Ci rendiamo perfettamente conto della gravità del momento e delle difficoltà future – prosegue Bellissima – ma proprio per questo siamo convinti che serva un piano straordinario di interventi per dare risposte ai problemi ormai insostenibili di milioni di anziani: dalla perdita del potere d’acquisto delle pensioni, con redditi ormai insufficienti a far fronte ai bisogni essenziali, alla carenza dei servizi socio sanitari, soprattutto quelli rivolti agli oltre due milioni di persone non autosufficienti e alle loro famiglie.

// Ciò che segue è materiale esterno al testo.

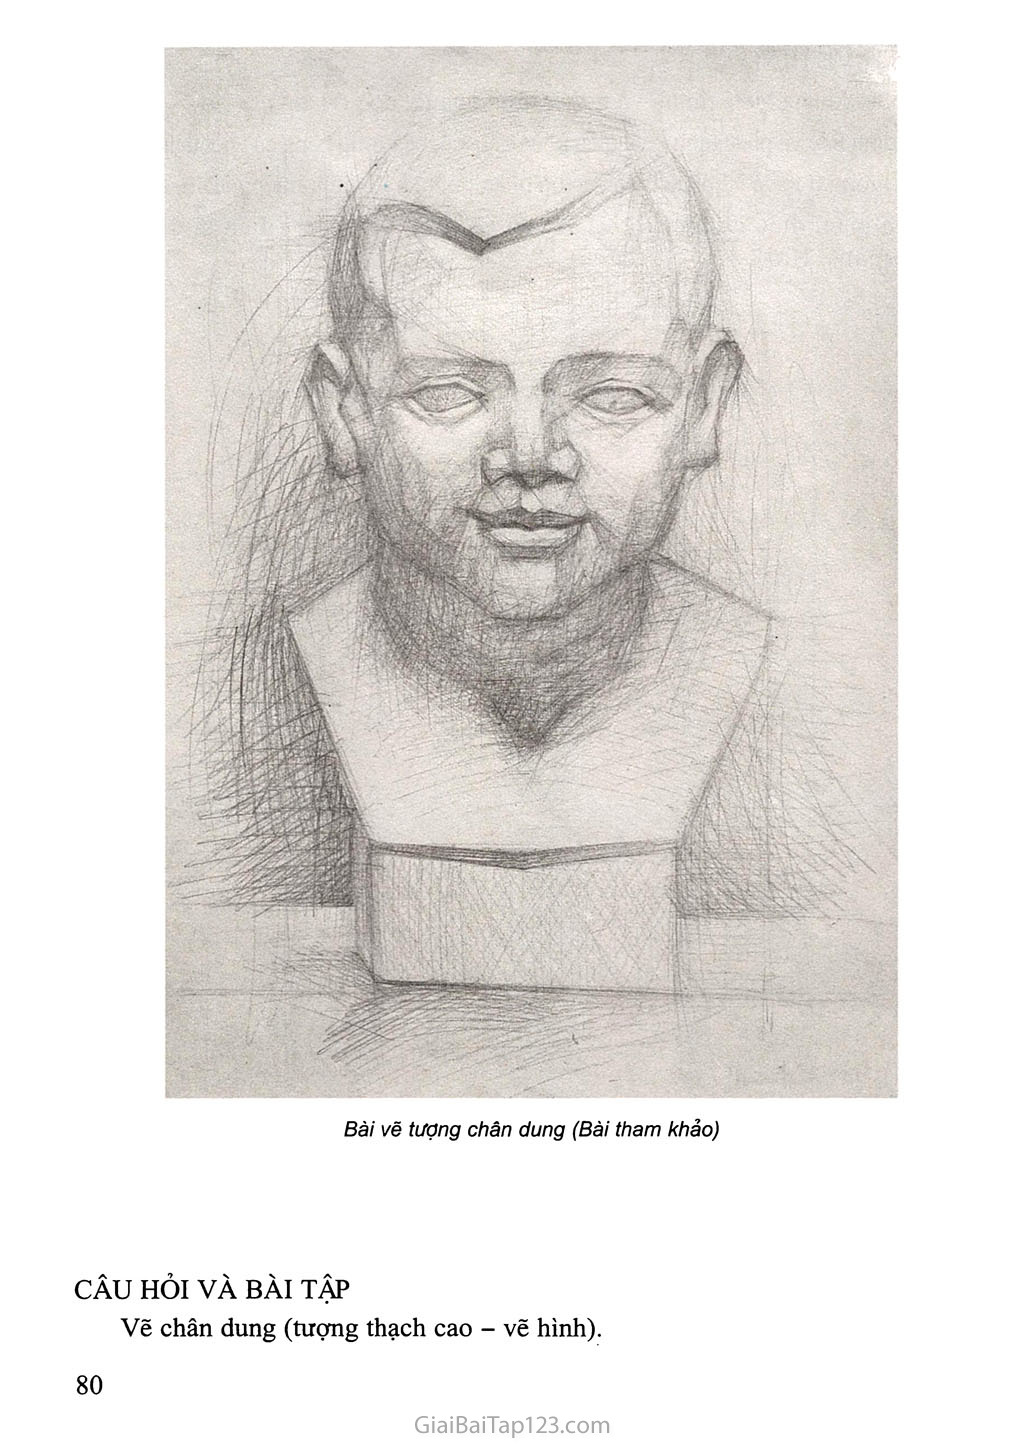 Bài tập vẽ theo mẫu chân dung hoặc vẽ tượng chân dung lớp 9 đã được đưa vào Sách giáo khoa Âm Nhạc và Mĩ thuật 9, bài

È proprio la gravità della situazione a rendere ancora più necessari interventi mirati nei confronti delle fasce più deboli della popolazione e degli anziani. Continuiamo, infatti, a ritenere che senza misure strutturali e non episodiche per il sostegno delle famiglie dei lavoratori e pensionati con redditi medi e medio bassi, che in questi anni si sono fortemente impoverite, non sarà possibile alcun rilancio della nostra economia.
Per quanto riguarda il merito delle misure relative ad anziani e pensionati – conclude Bellissima – sono, ripeto, un primo passo. Daremo un giudizio definitivo quando conosceremo le cifre, ma crediamo sia comunque necessario trovare il modo di privilegiare chi ha pagato i contributi previdenziali, di individuare la platea dei beneficiari in modo che non si avvantaggino gli evasori fiscali (dal momento che si tratta di benefici legati al reddito) e di avere una attenzione particolare alle persone più anziane sole, in maggioranza donne, che vivono una condizione di grande difficoltà”.